Recorded information below:

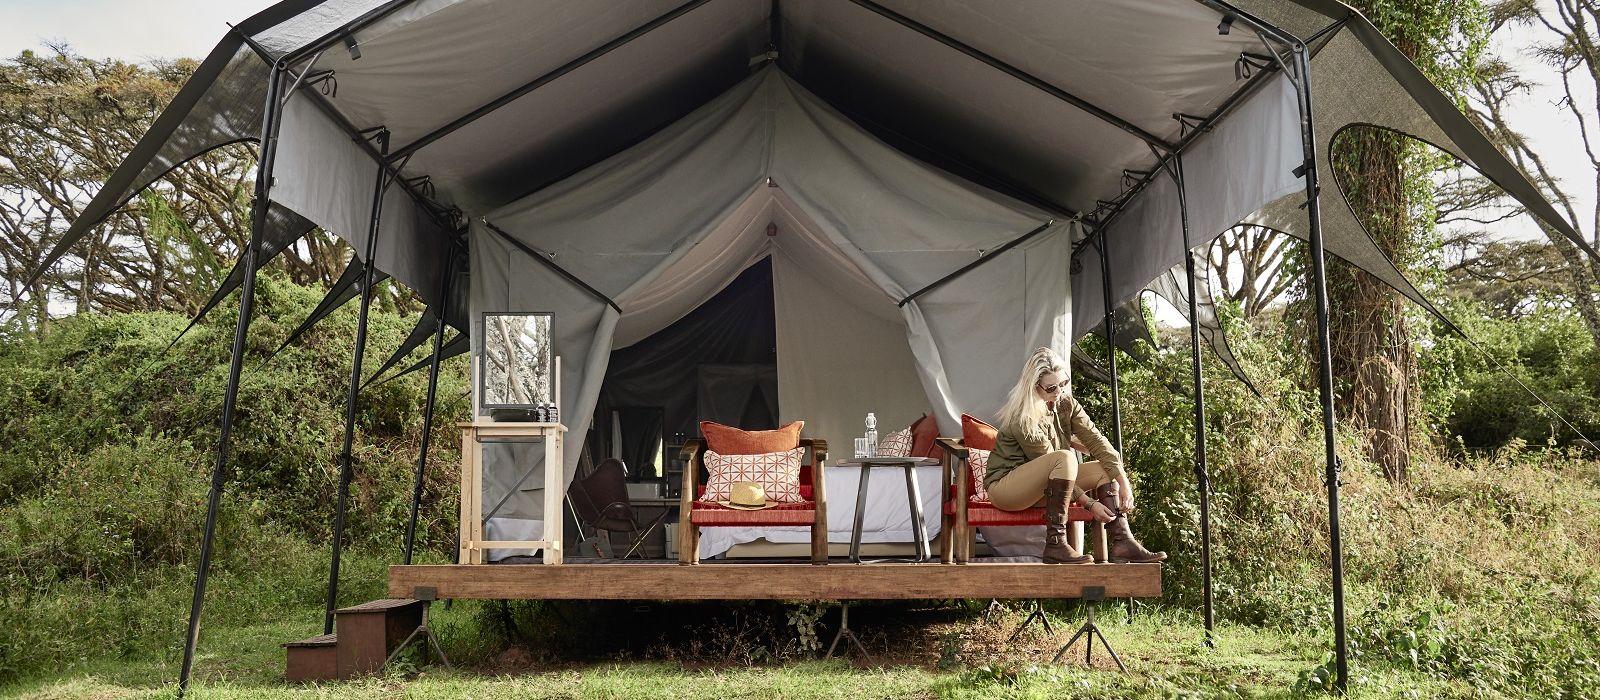 Hotel Sanctuary Ngorongoro Crater Camp Tanzania
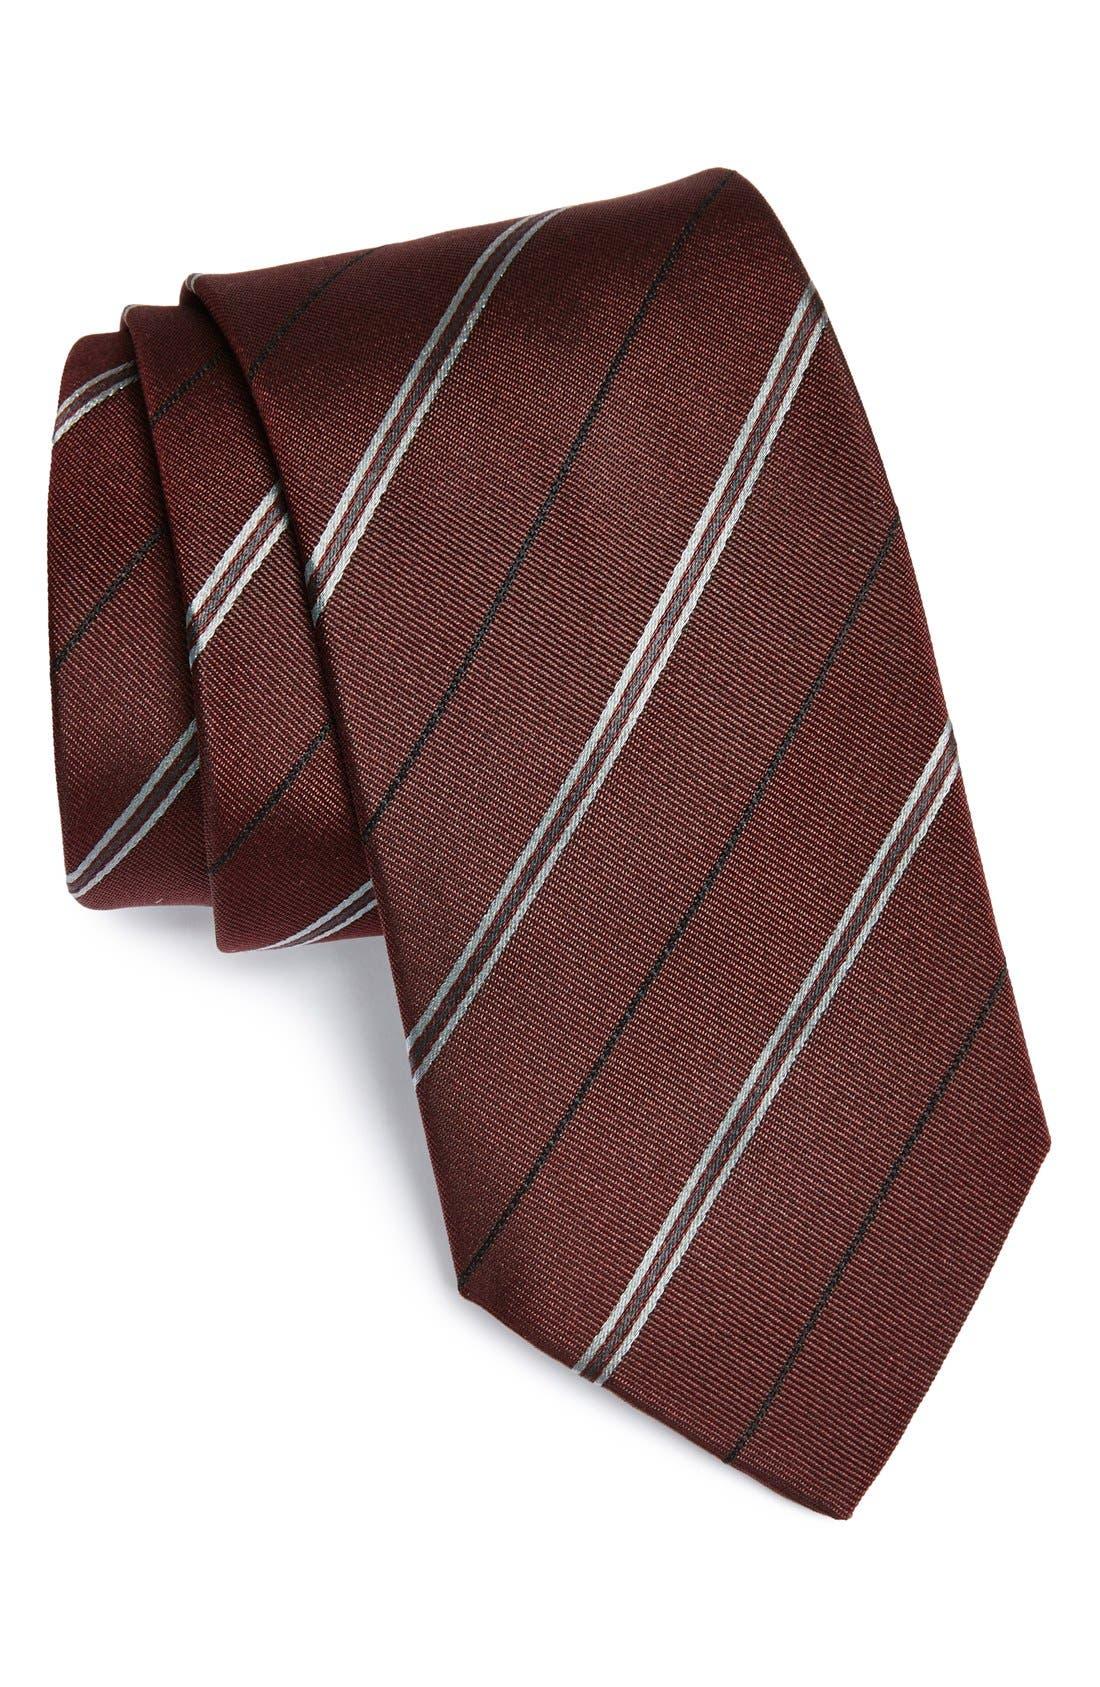 Alternate Image 1 Selected - Dolce&Gabbana Woven Silk Tie
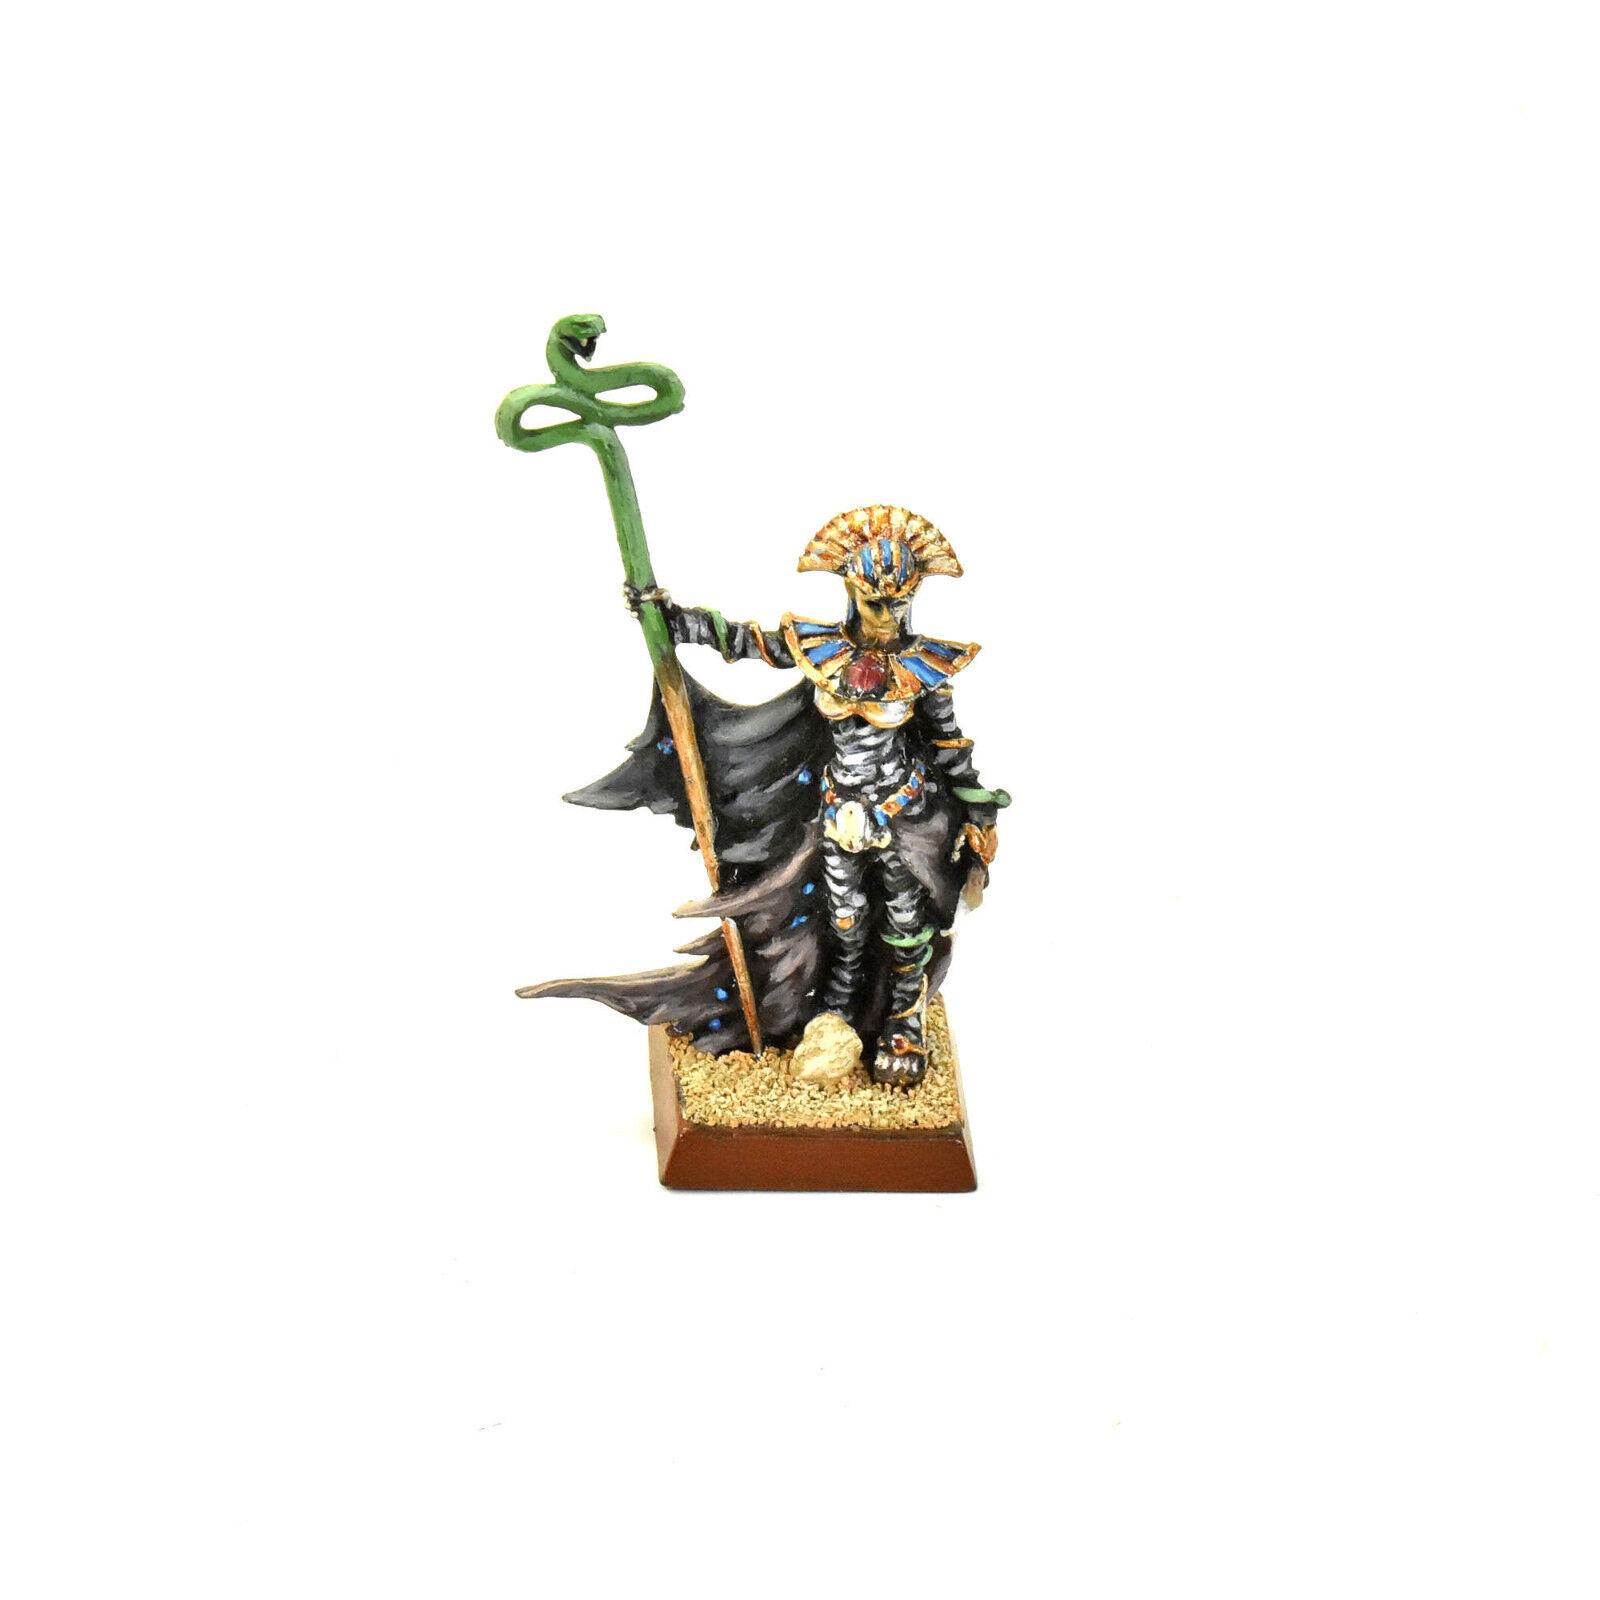 Tumba de Reyes alta REINA KHALIDA Pro pintado warhammer fantasy

End of Recorded information.

Exercise details: Skip every picture and transcribe the data above exactly.

Response to the task:
 Hotel Sanctuary Ngorongoro Crater Camp Tanzania
 Alternate Image 1 Selected - Dolce&Gabbana Woven Silk Tie
 Tumba de Reyes alta REINA KHALIDA Pro pintado warhammer fantasy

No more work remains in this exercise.